Instead, the Peter Malinauskas-led Opposition is expected to outline a new policy agenda of its own, designed to rein in local government costs and make the sector more accountable – in a bid to avoid being painted by the Liberals as a barrier to reform.
InDaily understands the ALP position was formalised at a caucus meeting yesterday and followed a series of meetings with Upper House crossbenchers. The Greens and SA Best have already reconfirmed their own opposition to the bill, making Labor’s decision crucial to the passage of one of the Liberal Government’s signature reforms.
The move will mean the still-fledgling Liberal Government will be unable to pass two of its most longstanding election pledges, with rate-capping and shop trading deregulation both doomed to fail in the Upper House.
Labor’s Local Government spokesman Tony Piccolo refused to confirm the party’s position, telling InDaily: “All I can tell you is we’ll be making an announcement in time for the [parliamentary] sitting next week.”

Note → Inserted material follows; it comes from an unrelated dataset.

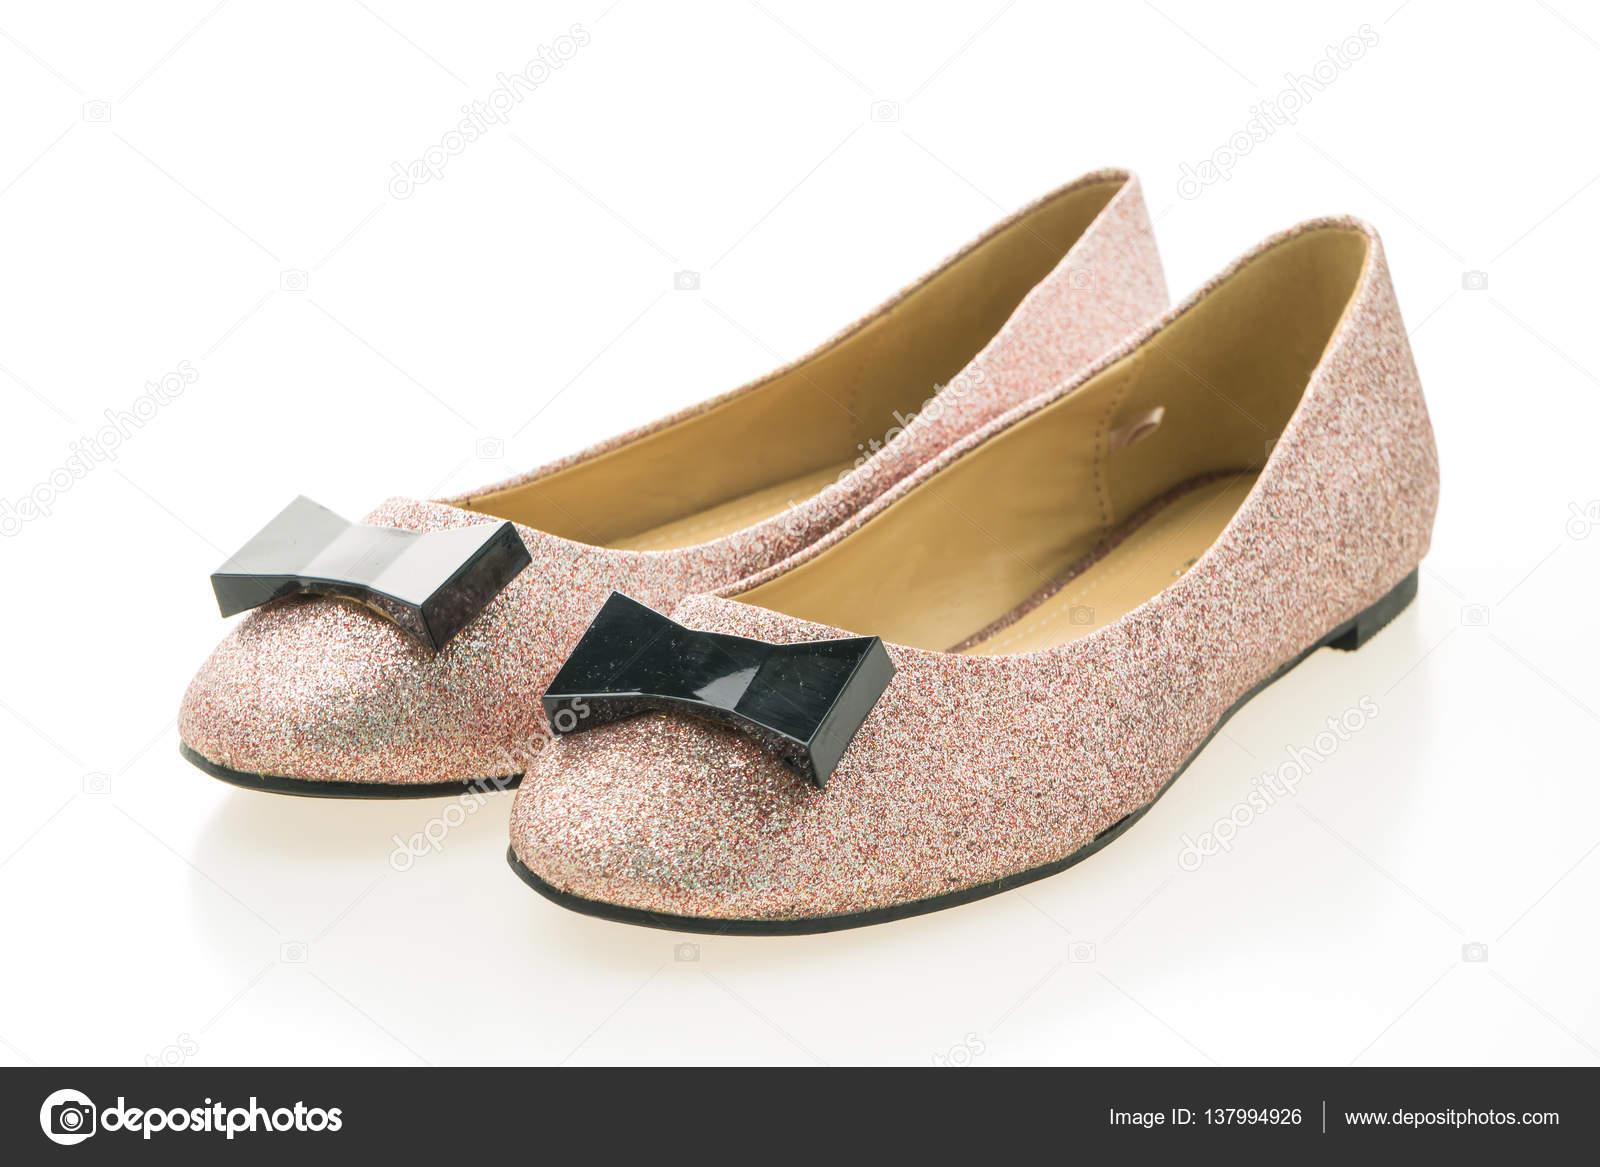 3e15660bd06f1 Zapatos y calzado para mujer — Foto de Stock

InDaily understands Labor will effectively back the position of the Local Government Association, which came out strongly against the Liberal legislation after a special board meeting held earlier this month.
But the Opposition, wary of being painted into a corner politically by blocking the measure, is set to unveil a suite of its own sector reforms, which are likely to garner crossbench support.
These could include the creation of a ‘Local Government Commission’ – a centrepiece of SA Best’s own policy platform – which would have oversight for accountability of elected representatives.
It’s expected the ALP policy agenda will address a host of areas that have come under intense scrutiny in recent months, including transparency in spending, including executive salaries and perks such as council credit cards and overseas travel.
The Liberal policy was given impetus by ongoing scandals at Onkaparinga council, which ultimately prompted mayor Lorraine Rosenberg to step down as LGA president. She has since opted not to recontest her role as mayor at this year’s council election.
It’s understood Labor’s proposals will address issues arising from these controversies, as well as broader measures the Opposition can sell as designed to bring down council rates.
Local Government Minister Stephan Knoll did not comment today.